Furthermore, the online EEND model 14 a also outputs the posterior probability of the speaker label for each frame in T×S dimensions. The learning unit 15 d optimizes the parameters of each layer of the online EEND model 14 a through backpropagating errors using the posterior probability of the speaker label for each frame and the multi-label binary cross entropy with the speaker label for each frame as the loss function. The learning unit 15 d uses an online optimization algorithm using stochastic gradient descent for parameter optimization.
That is to say, the learning unit 15 d vector-connects and stores the tth frame speaker vector extracted by the speaker vector extraction unit 15 b which is a speaker feature extraction block using the acoustic features of each of the (t-N)th frame to the tth frame of the teacher data and the speaker label estimation value estimated by the speaker label estimation block for this speaker vector. Furthermore, the learning unit 15 d inputs a vector obtained by vector-connecting the stored speaker vector and the estimation value of the speaker label into the speaker feature update block and updates the parameters of the model which outputs the stored speaker vector including the information identifying the speaker.

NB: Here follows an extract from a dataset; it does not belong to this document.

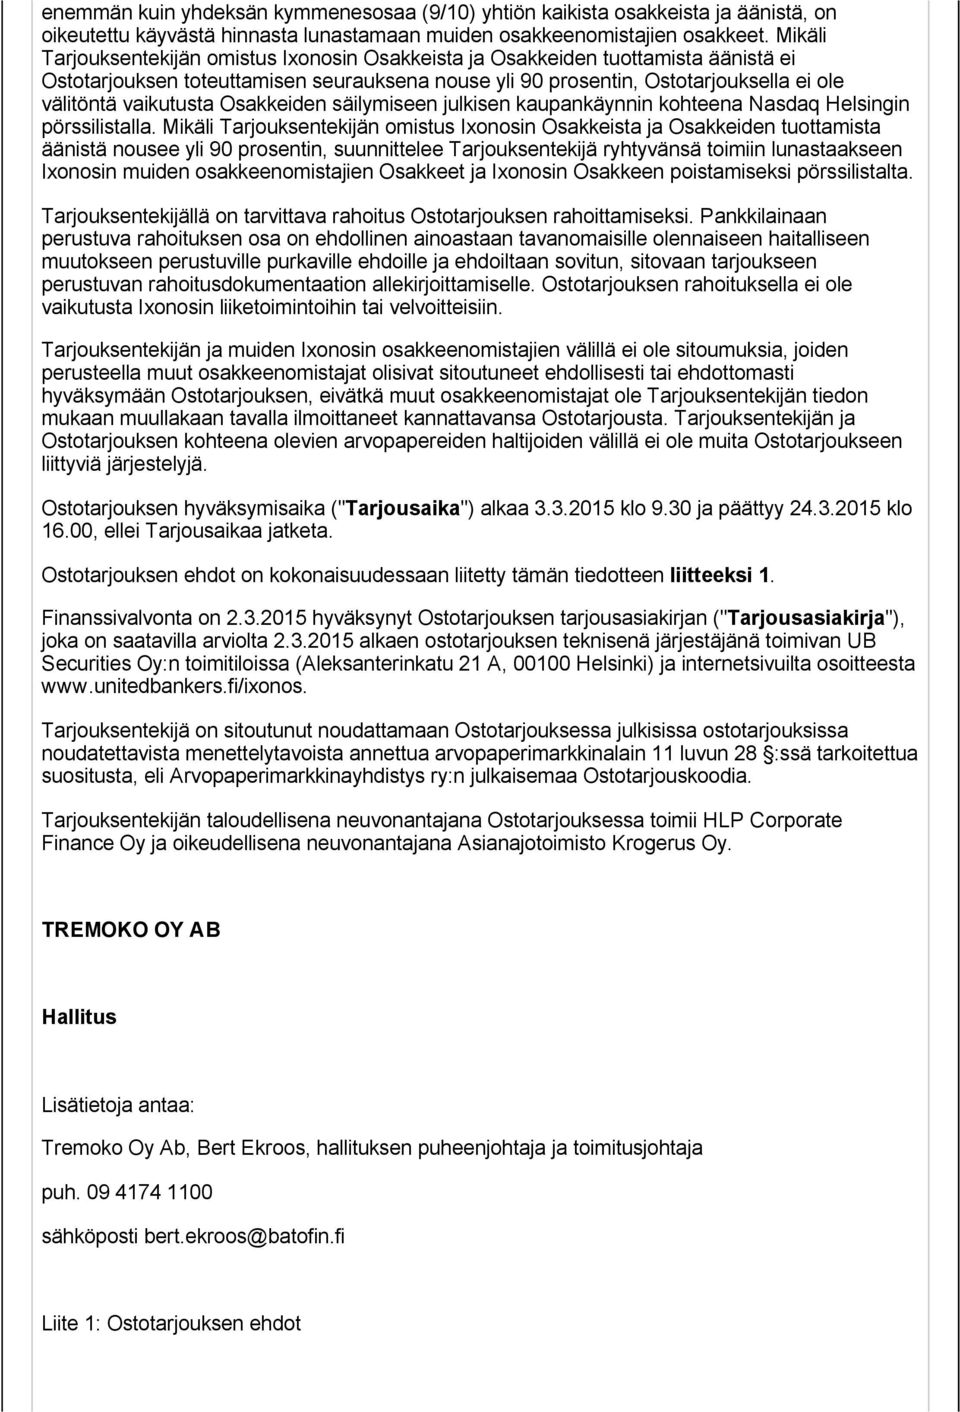 Osakkeiden säilymiseen julkisen kaupankäynnin kohteena Nasdaq Helsingin pörssilistalla.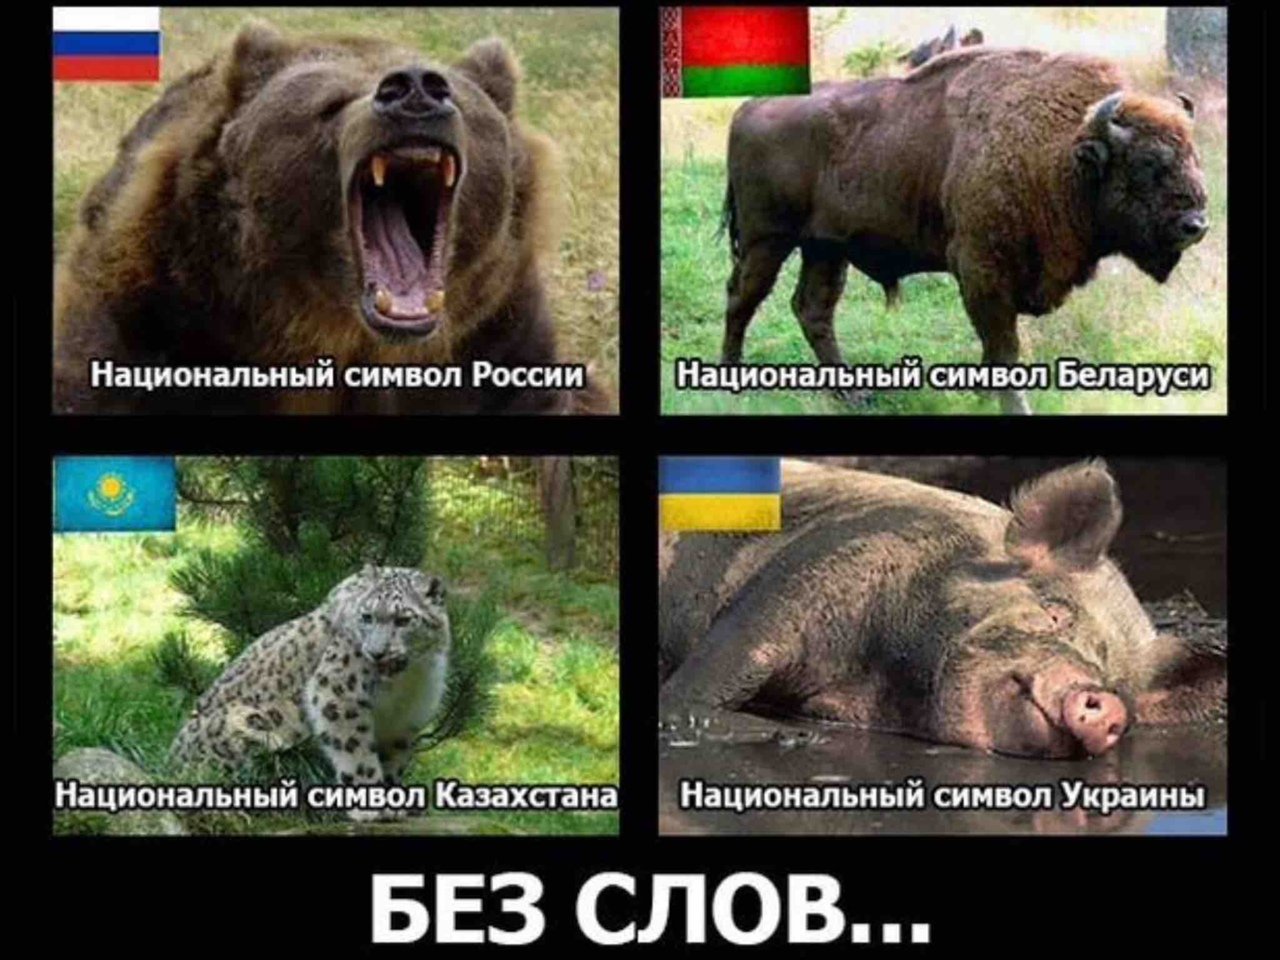 Прозвища зверей в народных. Символ Украины животного. Свинья это национальный символ Украины. Национальное животное УК. Симфол украинс животное.

In addition, the learning unit 15 d inputs the speaker vector of the tth frame and the stored speaker vector to the speaker label estimation block and updates the parameters of the model that outputs the estimation value of the speaker label of the tth frame.
Thus, the learning unit 15 d generates the online EEND model 14 a using a plurality of stored combinations of speaker vectors and speaker labels of the estimated speaker vectors. This makes it possible to estimate the speaker label while updating the stored speaker vector each time a frame is input.
The description will be provided with reference to FIG. 2 again. The estimation unit 15 e uses the generated online EEND model 14 a to estimate the speaker label for each frame of the acoustic signal. Specifically, as shown in FIG. 3 , the estimation unit 15 e forward propagates, to the online EEND model 14 a, the speaker vector of the tth frame extracted by the speaker vector extraction unit 15 b using the acoustic features of each frame from the current tth frame of the acoustic feature sequence to the (t-N)th frame traced back continuously.
Since the online EEND model 14 a has an autoregressive structure, the speaker label posterior probability (estimation value of the speaker label) for each frame of the acoustic feature sequence is output by successively sequentially propagating the acoustic feature sequence from the first frame.
The speech section estimation unit 15 f uses the output speaker label posterior probability to estimate the speech section of the speaker in the acoustic signal. Specifically, the speech section estimation unit 15 f estimates the speaker label using a moving average of a plurality of frames. That is to say, the speech section estimation unit 15 f first calculates a moving average of the speaker label posterior probability for each frame over the length 6 of the current frame and the five frames immediately preceding it. This makes it possible to prevent erroneous detection of impractically short speech sections such as speech with only one frame.
Subsequently, when the calculated moving average value is greater than 0.5, the speech section estimation unit 15 f estimates that the frame is the speech section of the speaker of the dimension. Moreover, for each speaker, the speech section estimation unit 15 f regards a group of continuous speech section frames as one speech and calculates a start time and an end time of the speech section up to a predetermined time from the frames. Thus, the speech start time and the speech end time up to a predetermined time can be obtained for each speech of each speaker.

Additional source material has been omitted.